Джон вдохнул аромат чая и почувствовал себя больным настолько, что его череп мог лопнуть в любое мгновение.

Si?

Она никак не решалась изложить ему свое дело.

– Я, эм-м… дело в том, что… эм-м, – каждое ее слово пульсировало в его слуховых путях так, что ему становилось страшно.

Come? – прошептал он.

– CD, – выдавила она, загребая руками, как в спазматическом приступе. – Я купила CD и… хотела у вас спросить, не будете ли вы против…

Он слезящимися глазами смотрел на бледную горничную, с трудом соображая, как он может разрешить или запретить ей покупку компакт-диска.

–…если я послушаю его на вашей стереоустановке? – наконец договорила она и отпрянула, как будто ожидая побоев. – Конечно, когда вас нет дома, – шепотом добавила она.

Только и всего? Джон вымученно кивнул.

Si. D'accordo. – И поблагодарил небо, что после этого она оставила его в покое.

Он пил чай мелкими глотками и с каждым глотком ощущение простуды проходило. Но в голове ворочались тяжелые, весом в тонны, мысли. Не вызвать ли врача? Или проглотить какую-нибудь таблетку?

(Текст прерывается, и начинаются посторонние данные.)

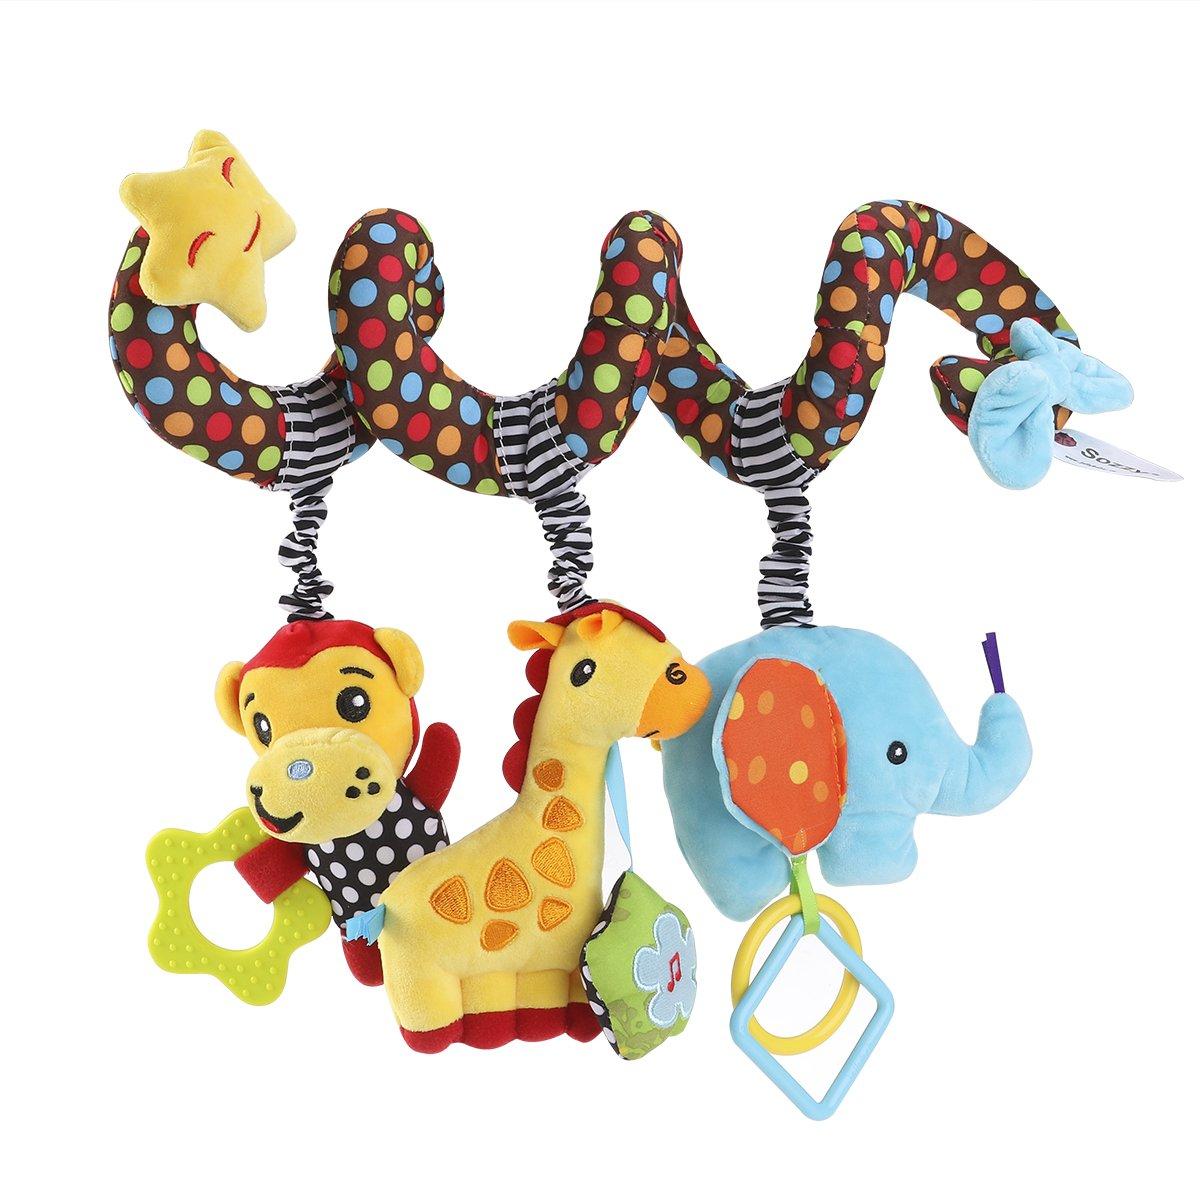 TOYMYTOY Kid Baby Spiral Bed Stroller Toy Monkey Elephant Educational Plush Toy
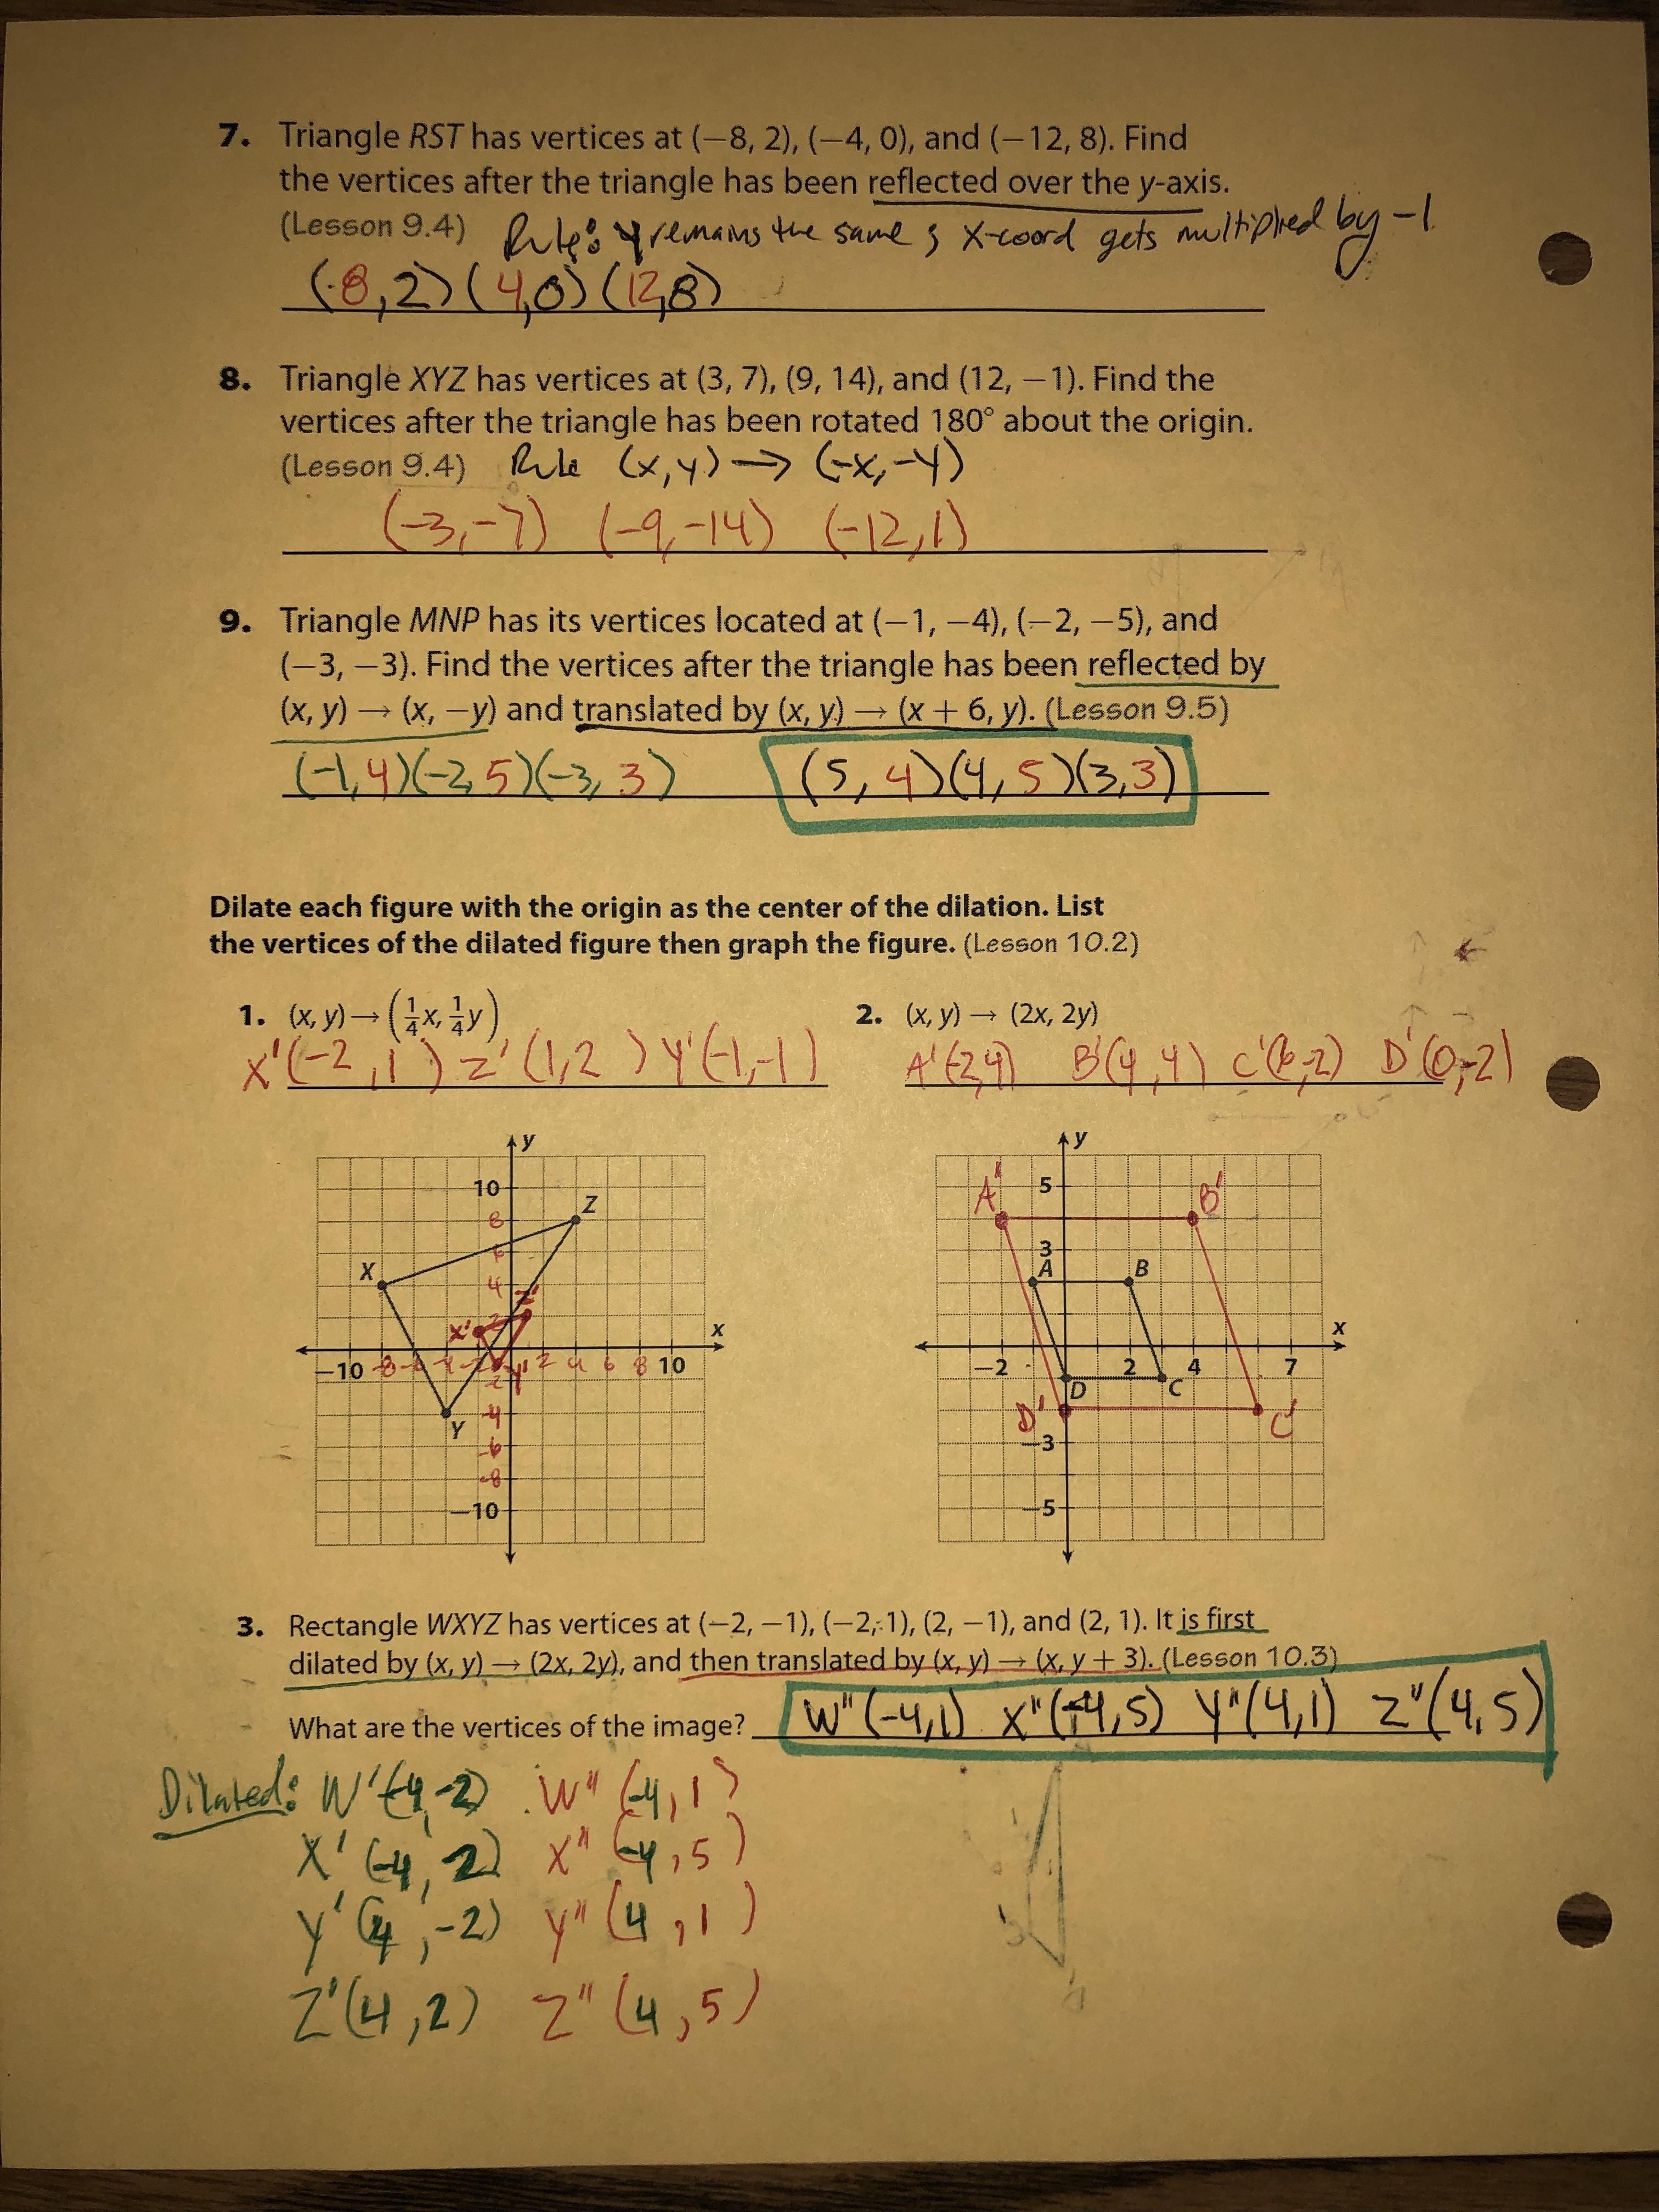 Adams middle school unit 5 study guide keybackg fandeluxe Choice Image

Но он был не в состоянии принять какое-то решение. Без всяких сомнений, его голова сегодня ночью разорвется – ну и пусть. Он допил чай и лег в постель, тут же впав в беспокойный, полный кошмаров сон.

 

* * *

 

На следующий день ему было лучше, но ненамного: казалось, жестокая рана покрылась тонкой кожицей, в любой момент готовой лопнуть. Но сидеть дома он не хотел и поехал в офис. Там он нашел на своем письменном столе записку от Пола: тот желал ему скорейшего выздоровления, уезжая на один день – до вечера – на переговоры в Париж.

Джон отменил все назначенные встречи и читал отчеты Banco Fontanelli, Южноамериканского горнорудного общества и газеты. Маккейн, за последние недели выступавший на публике больше, чем за предыдущие два года в качестве босса Fontanelli Enterprises, постепенно превращался в идола инвесторов со всего мира. Он все чаще открыто высказывался за то, чтобы освободить «производительную элиту» от налогов, единственный смысл которых состоял в том, чтобы поддерживать жизнь «непроизводительной обузы». «Природа не ведает социальных налогов», – заявил он под аплодисменты на одном экономическом симпозиуме и потребовал отмены всех торговых барьеров, а равно и радикального освобождения рынков от регулирования.

Джон видел по телевизору сообщение о демонстрациях, проходивших перед закрытыми дверями центра симпозиума. Один пожилой мужчина в очках с толстыми, как бутылочное дно, линзами говорил репортерше:

– Я тяжело болен сахарным диабетом и уже семь лет безработный. Я пришел на демонстрацию, потому что вижу: Маккейн и ему подобные хотели бы загнать таких, как я, в газовые камеры.

Аналитический отдел сообщал о растущем числе объединений предприятий под руководством Маккейна, который заседал уже в одиннадцати наблюдательных советах, среди которых был и второй по величине после Fontanelli Enterprises производитель энергии. Биржевой курс акций предприятий, принадлежащих Morris-Capstone, если они попадали на биржу, поднимался до высот, которые доселе считались недостижимыми.

Джон принял все это к сведению и размышлял над этим, но, как ни вертел и ни крутил, чувство грозящей опасности не оставляло его, равно как и чувство бессилия.

 

* * *

 

В «Казино» царила полутьма, за окнами разливалось световое море Лондона. Они были единственными посетителями, и если бармен за стойкой и ждал, когда же наконец сможет уйти домой, вместо того чтобы полировать и без того чистые бокалы, то старался, чтобы по его виду это не было заметно.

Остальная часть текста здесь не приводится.